Exercise: Reproduce the listing below from the line with "The Anglia Comedy Allstars" to the line with "Estos de Sfera", both lines included, character for character, minus any pictures.

Input for this task:

★ ★ ★ ★

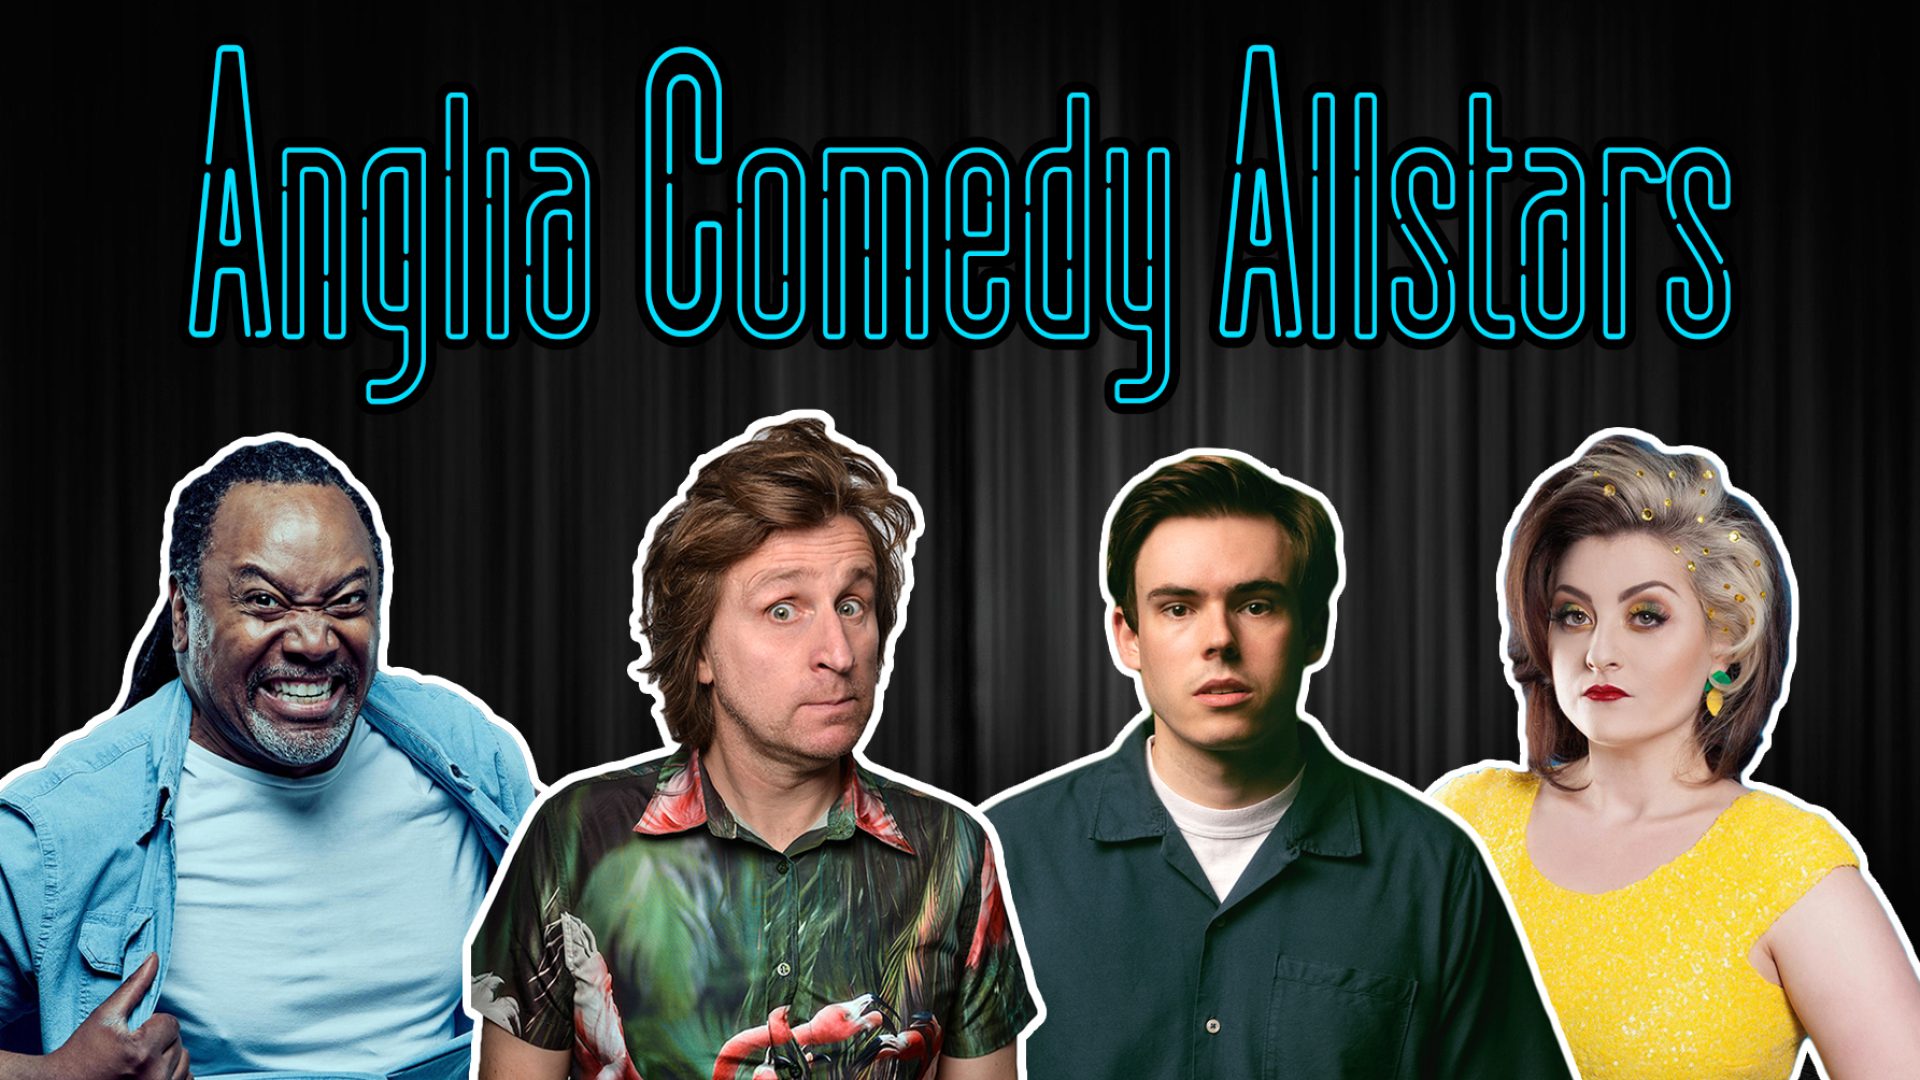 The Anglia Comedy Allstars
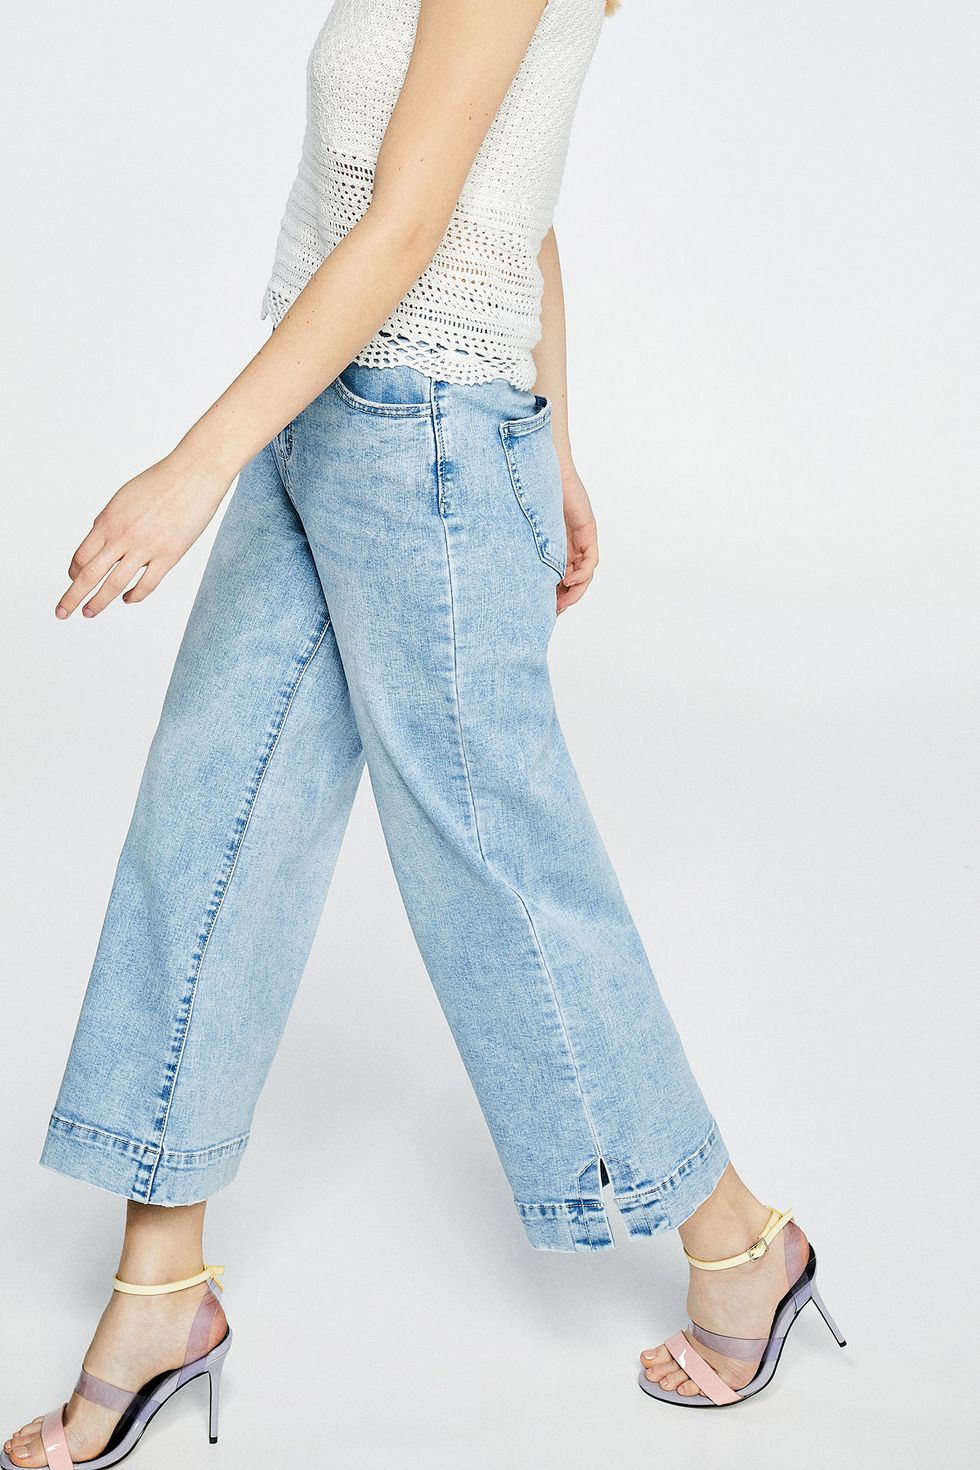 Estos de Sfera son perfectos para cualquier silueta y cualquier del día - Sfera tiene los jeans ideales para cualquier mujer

★ ★ ★ ★

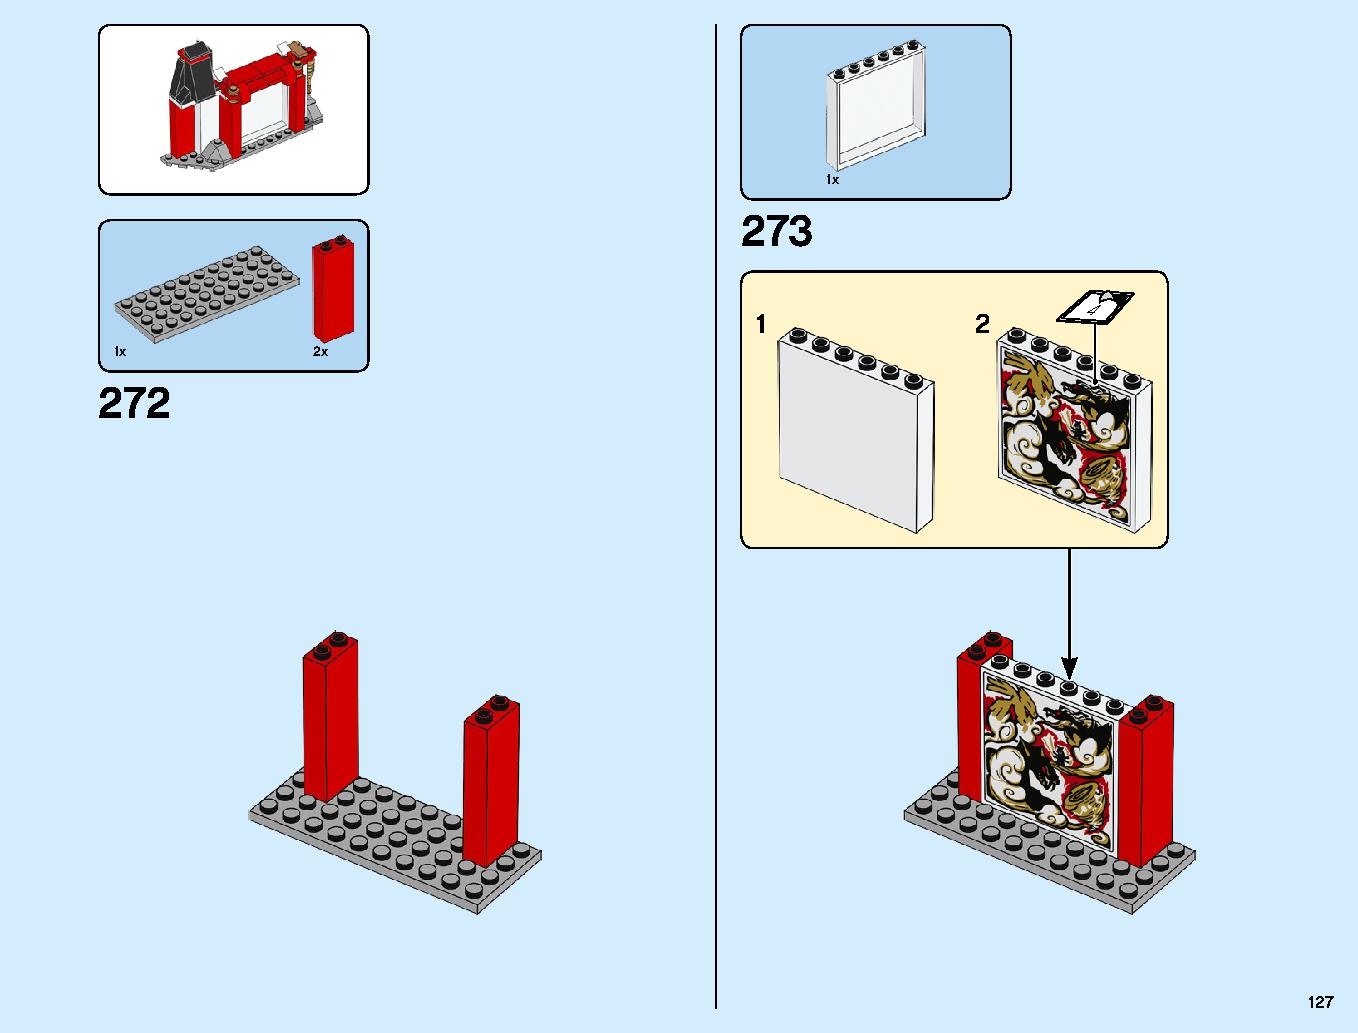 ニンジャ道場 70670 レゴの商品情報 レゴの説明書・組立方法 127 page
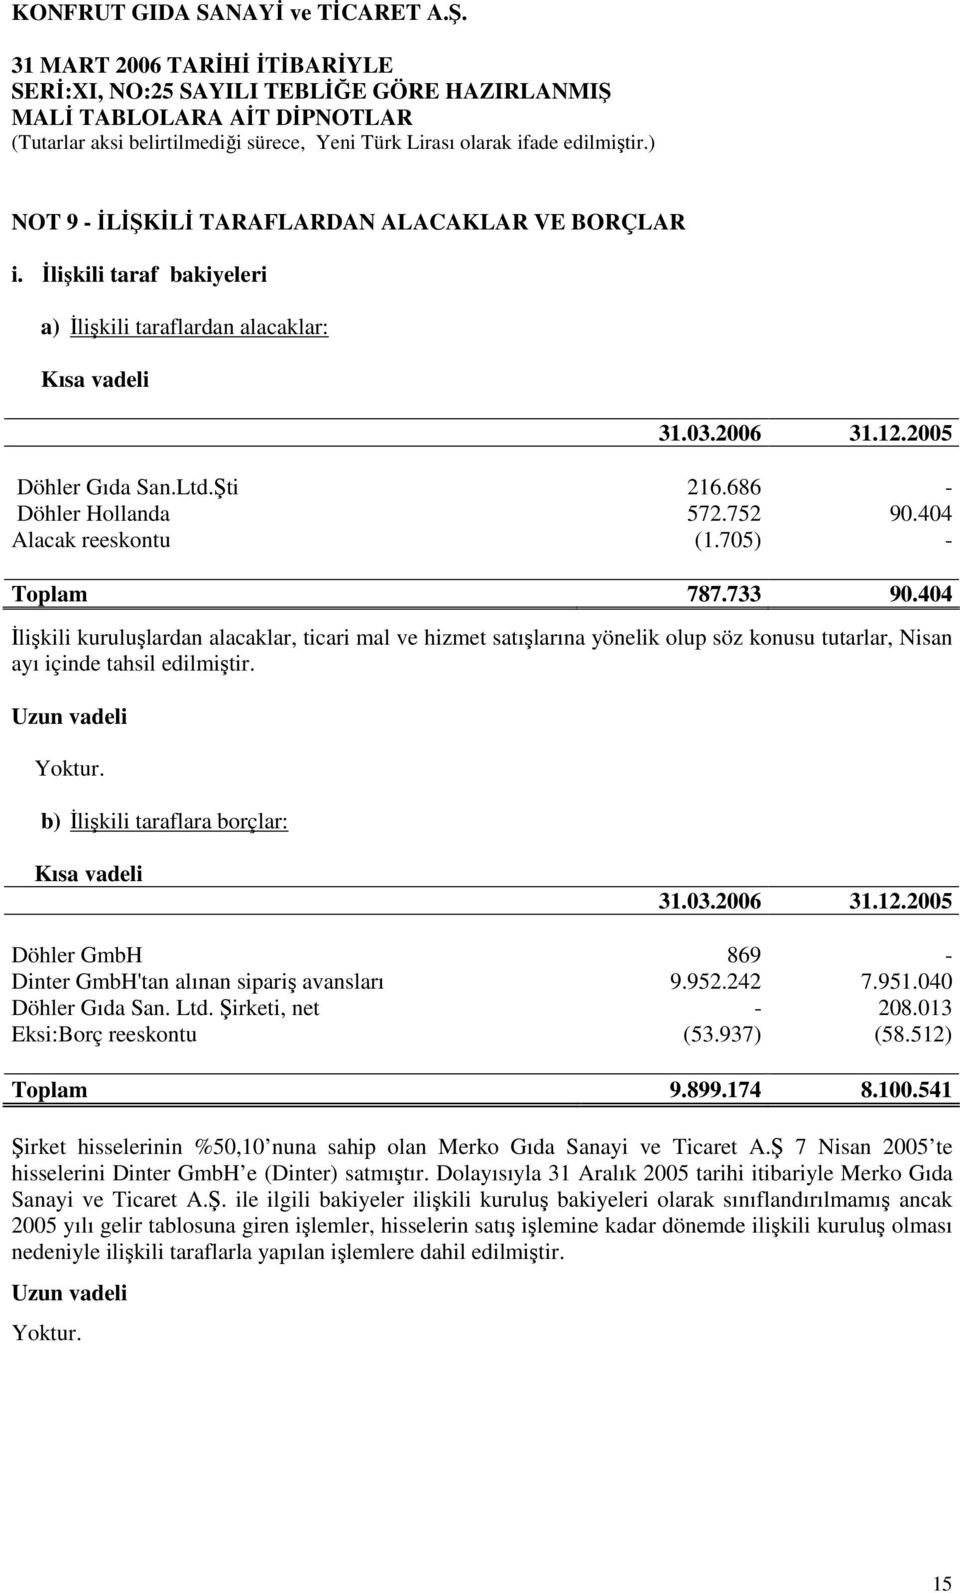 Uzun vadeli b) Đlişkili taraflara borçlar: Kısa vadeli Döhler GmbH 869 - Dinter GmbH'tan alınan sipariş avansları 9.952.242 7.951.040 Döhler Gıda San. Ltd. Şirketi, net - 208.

★ ★ ★ ★

Reply:
 The Anglia Comedy Allstars
 Estos de Sfera son perfectos para cualquier silueta y cualquier del día - Sfera tiene los jeans ideales para cualquier mujer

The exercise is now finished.